Per l'applicazione dei prodotti di difesa è bene ricordare che occorre sempre adottare strategie di tipo preventivo, trattando la coltura prima che si riscontrino sintomi sulle piante, intervenendo quando i fattori ambientali sono predisponenti l'infezione. Su questo fronte possono essere di aiuto i bollettini diramati territorialmente o i Sistemi di Supporto alle Decisioni (Dss), in grado di dare una idea piuttosto precisa del livello di rischio presente in campo.

 

Controllando i Disciplinari di Produzione Integrata di Emilia Romagna e Puglia, le due regioni nelle quali si concentra la produzione di pomodoro da industria, è possibile individuare le seguenti sostanze attive ammesse: olio essenziale di arancio dolce, fluazinam, fosetil-alluminio, metalaxyl-M, cimoxanil, dimetomorf, mandipropamide, ametoctradina, metiram, propamocarb, azoxystrobin, pyraclostrobin, zoxamide, oxathiapiprolin, cyazofamide, amisulbrom.

 

Di fondamentale importanza è ovviamente il timing di applicazione, anche in relazione allo stadio fenologico della pianta e dall'andamento climatico.
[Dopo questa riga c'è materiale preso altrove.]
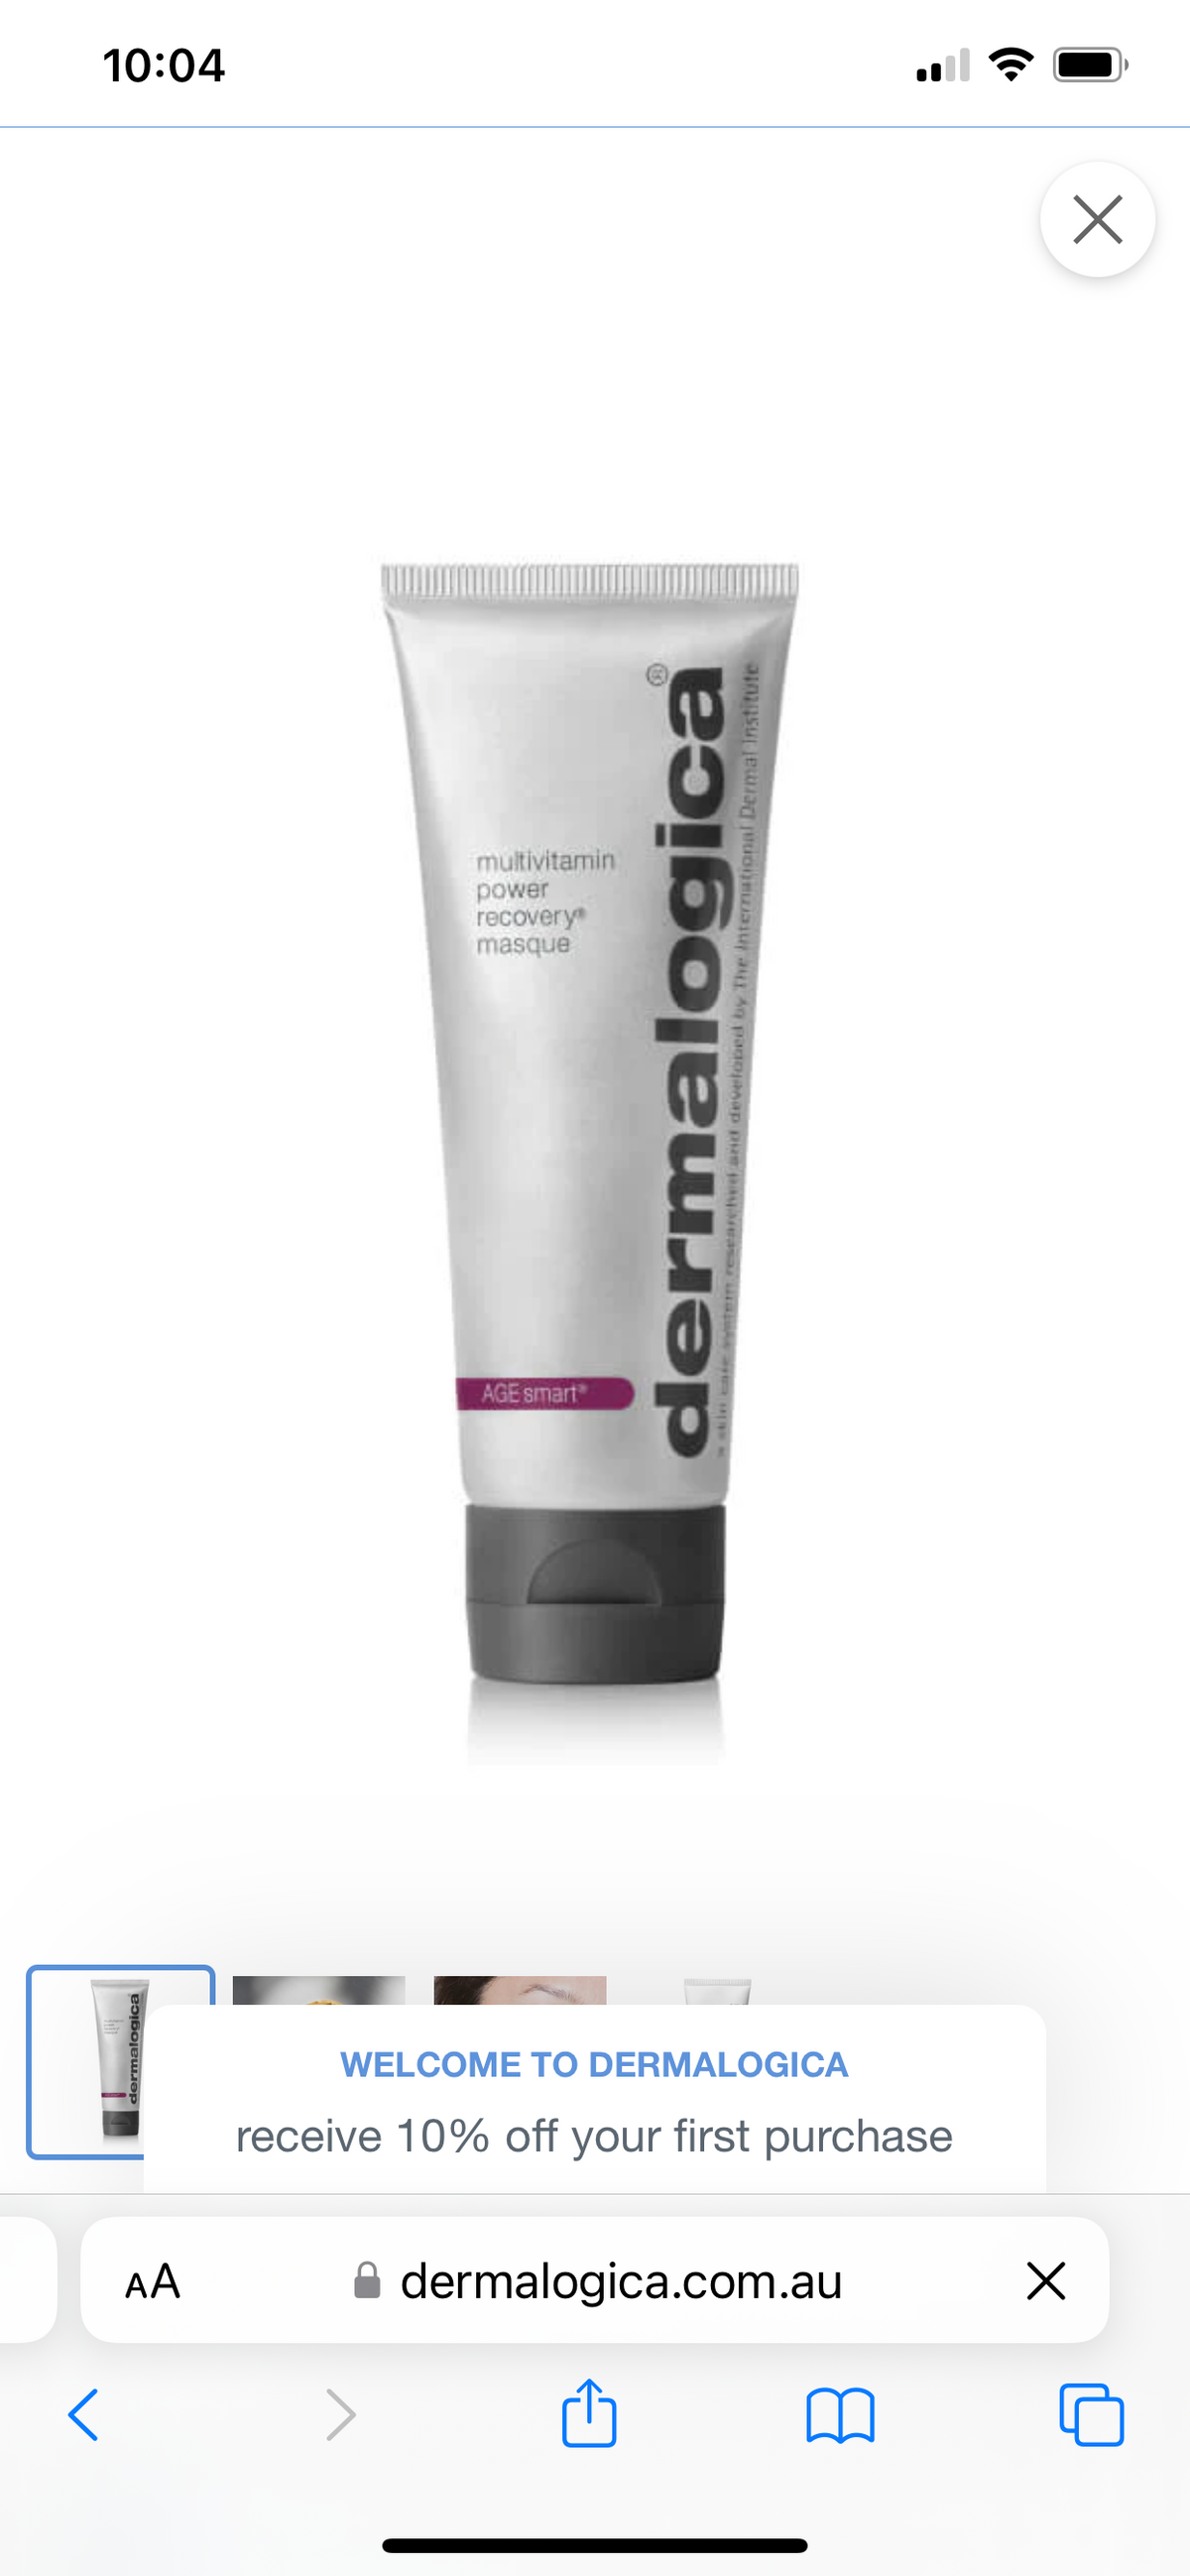 Mask | Multivitamin Power Recovery Mask - Dermalogica

In post trapianto di solito si consiglia l'uso di prodotti rameici (utili anche contro le batteriosi) e di fungicidi ad azione citotropica, in quanto la pressione del fungo non è di solito elevata e la bagnatura fogliare dell'irrorazione risulta essere ottimale.

 

Il fungo è in grado di colonizzare tutti i tessuti verdi della pianta, come foglie, fusti, fiori e frutti, causando disseccamenti generalizzati e pesanti perdite di produzione

Il fungo è in grado di colonizzare tutti i tessuti verdi della pianta, come foglie, fusti, fiori e frutti, causando disseccamenti generalizzati e pesanti perdite di produzione

(Fonte foto: © aratm - Adobe Stock)

 

Quando le piante iniziano a chiudere le file si procede invece con prodotti sistemici, che proteggono più efficacemente l'intero vegetale, foglie e frutti compresi. Nella fase invece di invaiatura e maturazione le condizioni ambientali sono meno favorevoli per il fungo e quindi è possibile intervenire con meno frequenza.

 

Sotto raccolta la peronospora causa meno danni e specialmente se la raccolta avviene nei mesi estivi non è necessario trattare. Nel caso di trapianti tardivi, che invece portano la raccolta a settembre, le condizioni meteo possono essere più pericolose e quindi si prediligono i prodotti di difesa con tempi di carenza brevi.

 

Discorso a parte va fatto per il biologico, dove le buone pratiche agronomiche rivestono un ruolo fondamentale per tenere basso l'inoculo in campo e scongiurare il rischio di infezioni. In questi casi si può ricorrere ai prodotti rameici, nonché all'olio di arancio dolce.

 

Va infine ricordato che è importante ruotare i meccanismi d'azione dei prodotti, in modo da scongiurare la selezione di popolazioni resistenti. Inoltre occorre effettuare una bagnatura fogliare corretta, che coinvolga tutte le foglie, anche quelle più interne alla vegetazione.